So, I was recently trying to insert 8 million rows into a table in my database (just another day in grad school) and noticed that the query was taking longer than usual. However, if I just selected the 8 million rows, it would execute pretty fast. The table I was inserting into had no triggers or indices, meaning something was blocking the insert.
That combination of being able to do fast selects and not being able to do inserts gave me the impression that the table was “locked” by a transaction or something. This had happened to me before, when I had an iPython notebook open and hadn’t closed my connection, and terminated a query midway by crashing the web page.
The last time, I knew what was causing the problem, so I simply closed the database connection in my iPython notebook and everything began working smoothly again. This time around, I had no clue what was causing the idle query. There are a gazillion things that connect to my database independently — a bunch of iPython notebooks to test models and ideas, scrapers that are constantly expanding the dataset and a web server through which I serve data for visualization to name a few.
I needed a way to find this hanging query in my database, and then close it in my database.

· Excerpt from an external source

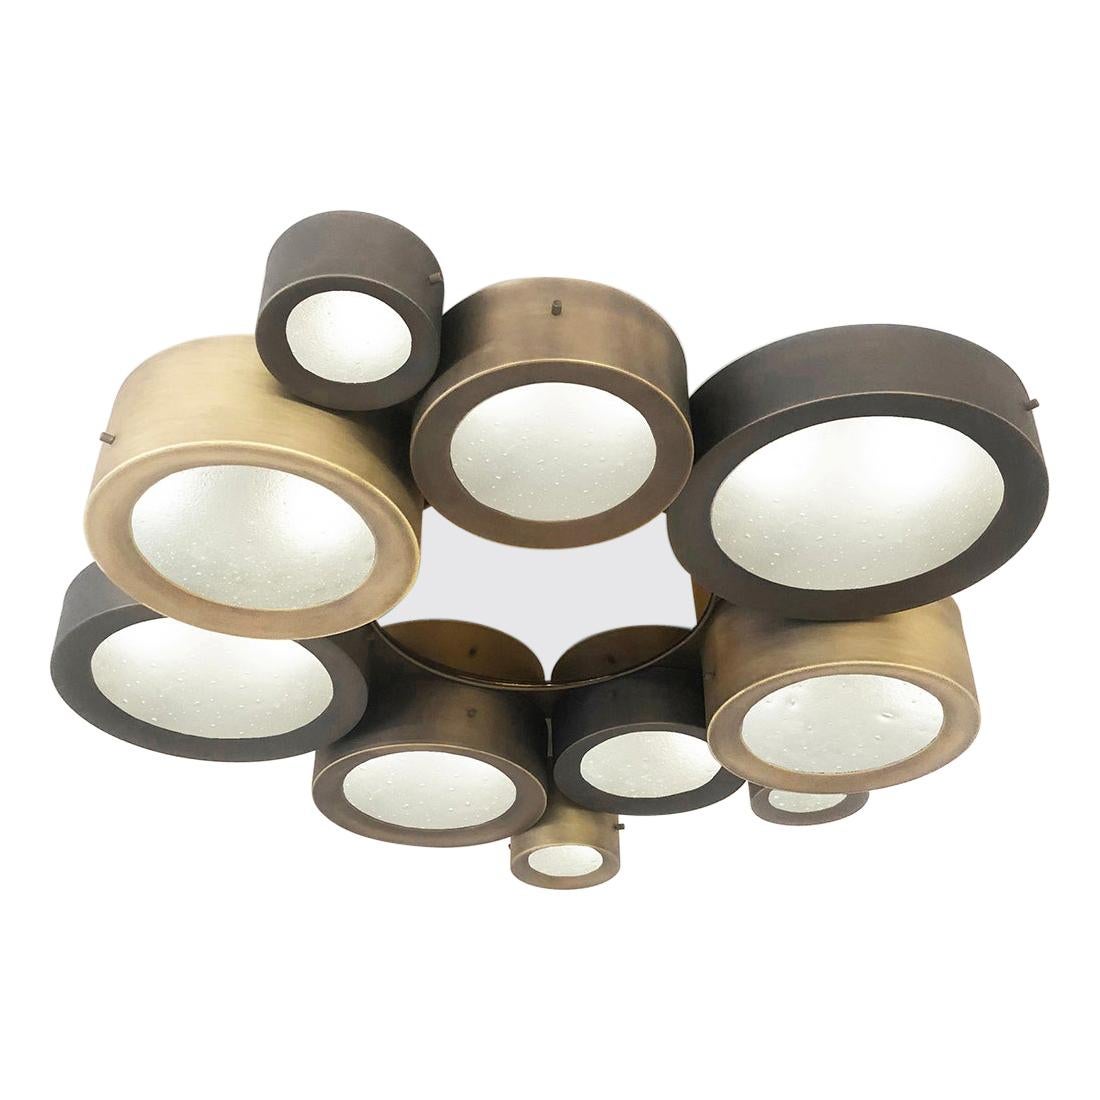 Italian Helios 44 Ceiling Light by Gaspare Asaro-Satin Brass and Satin Nickel For Sale

And it turns out that this is actually super simple!
First, figure out the relation id for the table that is locked. One easy way to do this, is to run your query that seems to hang forever. Then run this query:
SELECT * FROM pg_locks WHERE NOT GRANTED;
Since your query is hanging, it hasn’t been “granted” a lock and should show up on this list. Now copy the relation id of your table. Next, figure out what other locks are present on the same table.
SELECT * FROM pg_locks WHERE relation = <relationID>;
Now, be sure that you’re not killing the wrong query, or stopping some important process. Because, here’s the coolest part, you can simply kill the offending query with a single SQL statement! Just take the PID from the query above that is running (granted = true) and cancel it.
SELECT pg_cancel_backend(<pid from previous query>);
Before you do this, if you want to check some details of the query you’re going to kill, you can run this to get some sense of what they query was and when you began executing it.
SELECT
xact_start, query_start, backend_start,
state_change, state
FROM pg_stat_activity
WHERE pid IN (<pid from previous query>);
Mostly wrote this for my reference, but maybe it’ll help someone else too :)